Кух прошел в гостиную и встретился глазами с Ларисой, которая сидела за столом и пила чай с печеньем.
Чай был только налит и был очень горячим: над чашкой вился пар.
— Ой, здравствуйте, — смутилась Лариса и чуть не пролила себе на коленки чай из блюдечка. — Вам чайку?
Она осторожно поставила блюдечко на стол и ожидающе уставилась на Куха.
Тот сначала не понял, чего она ждет, потом неожиданно спросил:
— А вы тут, я смотрю, сальцем балуетесь?
— Да, — как-то испуганно ответила Лариса.
И в этом испуганном «да» для Куха сконцентрировалось выражение такой никчемности и зависимости, что у него внутри снова поднялась волна возбуждения. С одной стороны, этот образ вызывал у него тошноту и отвращение, но с другой — фантазии на тему садистских штучек, связанных с этой девкой, вызывали у него необыкновенное томление.

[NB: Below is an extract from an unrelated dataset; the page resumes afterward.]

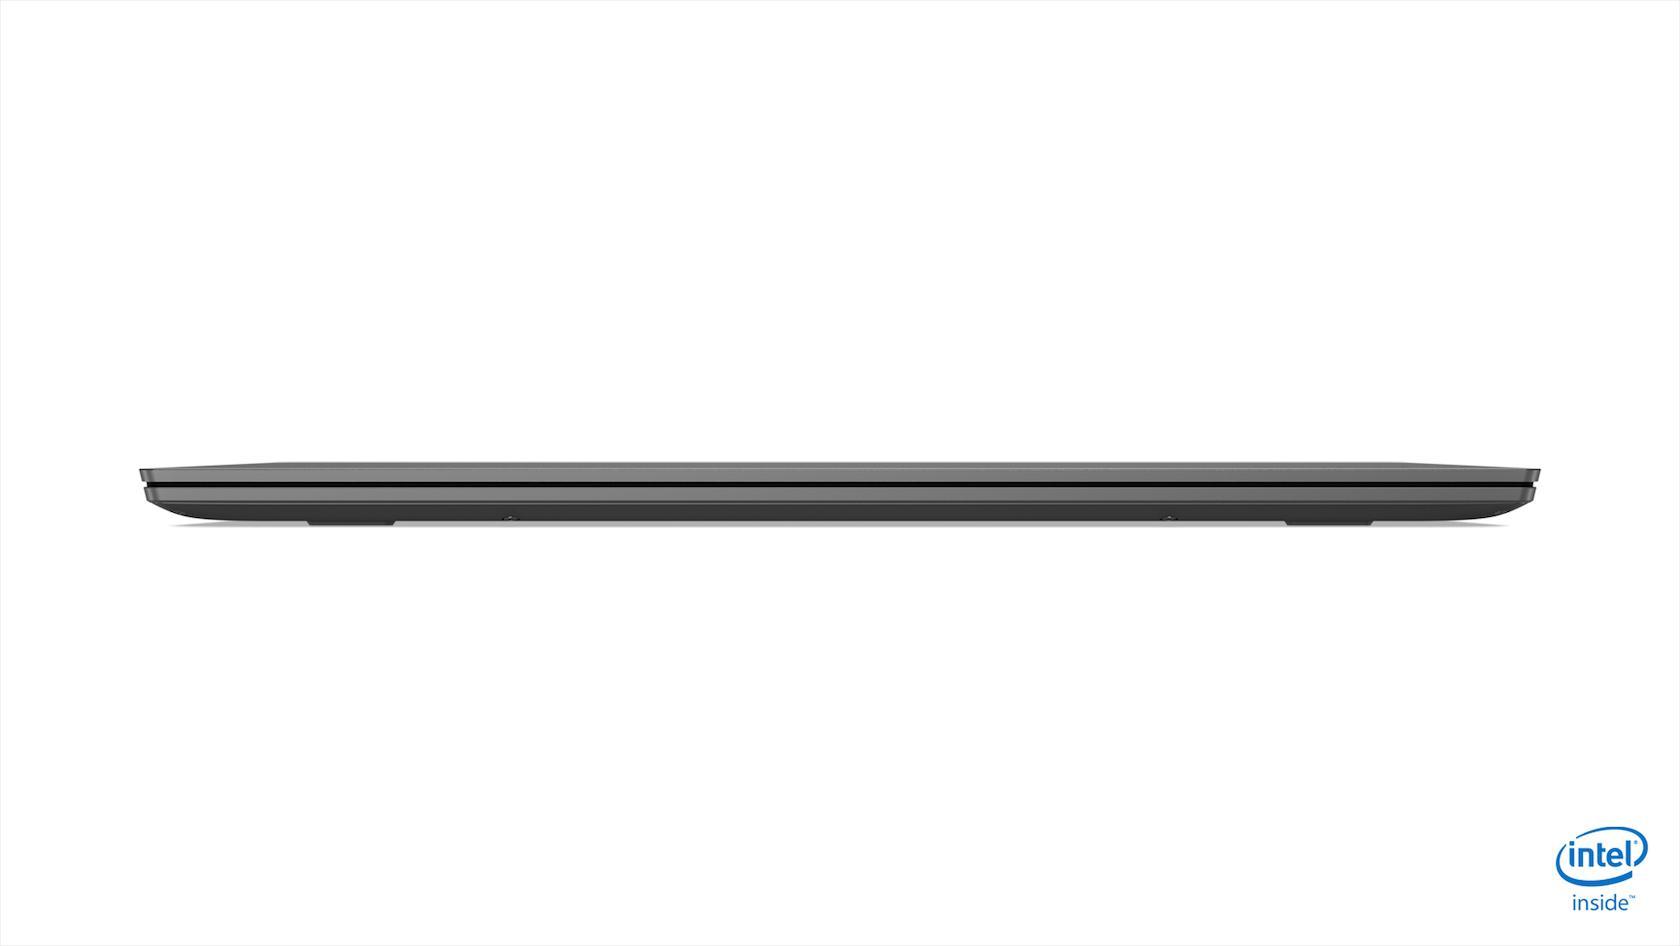 Lenovo Yoga S730 Is An Ultra Sleek Compromise Free Macbook

Но это было лишь ожидание; реальное же впечатление от Ларисы, не подкрепленное уверенностью в том, что ее можно безнаказанно убить, оставляло лишь раздражение неудовлетворенности.
Вошла Елена Николаевна и тоже предложила Куху чаю. Он милостиво согласился и принял чашку из ее рук. В этом была не демонстрация отношения к Ларисе, а скорее следование своим внутренним установкам.
Он не воспринимал Ларису как личность — там просто не за что было зацепиться. Это была лишь не очень большая в количественном отношении биомасса, которая могла быть уничтожена в любой момент.
Но биомасса обладала вполне структурированными внешними особенностями. И они были важны для Куха, поскольку эстетический момент являлся основным для получения им сексуального удовольствия.
Ведь мучить будут именно тело — все остальное, что у нее внутри, было неважно. Да ничего там скорее всего и не было — по мнению Куха.
Замучить красивое тело, убить красивую женщину является благом. Тогда как жизнь некрасивой женщины вообще безразлична — она никому не может причинить зла, никого не может заманить в свою ловушку.
— Как у тебя настроение? — с внешней любезностью обратился Кух к Ларисе.
— Спасибо, хорошее, — ответила Лариса.
— Как тебе город?
— Да я его и не видела, города-то…
— Что так?
— Даже не знаю, куда пойти — я здесь ничего не знаю.
Кух внутренне рассмеялся по поводу беспомощных, неуклюжих фраз Ларисы — для него это было подобно красной тряпке для быка.
Он прихлебывал из чашки и как бы невзначай рассматривал телесную оболочку Ларисы. Узкие щиколотки, крепкие икры, правильной формы колени, аппетитные бедра. Тоненькую талию, казалось, можно было обхватить двумя руками. Миниатюрная грудь и выдающиеся сильные ключицы, тонкая шейка и длинные белокурые волосы.
— Да, не такими представлял я себе украинских женщин, — сказал вслух Кух, а про себя подумал: "Ну, настоящая ведьма из «Вия».
— А как вы их себе представляли? — с интересом спросила Лариса и зыркнула на него хитрыми глазами.
— Конечно же, крупными. Чтобы были кровь с молоком…
— Ой, мне многие говорили — что-то ты, Галочка, худая такая. У нас в деревне и правда считается, что красиво — это когда в теле, — затараторила Лариса. — А я такая тощая!..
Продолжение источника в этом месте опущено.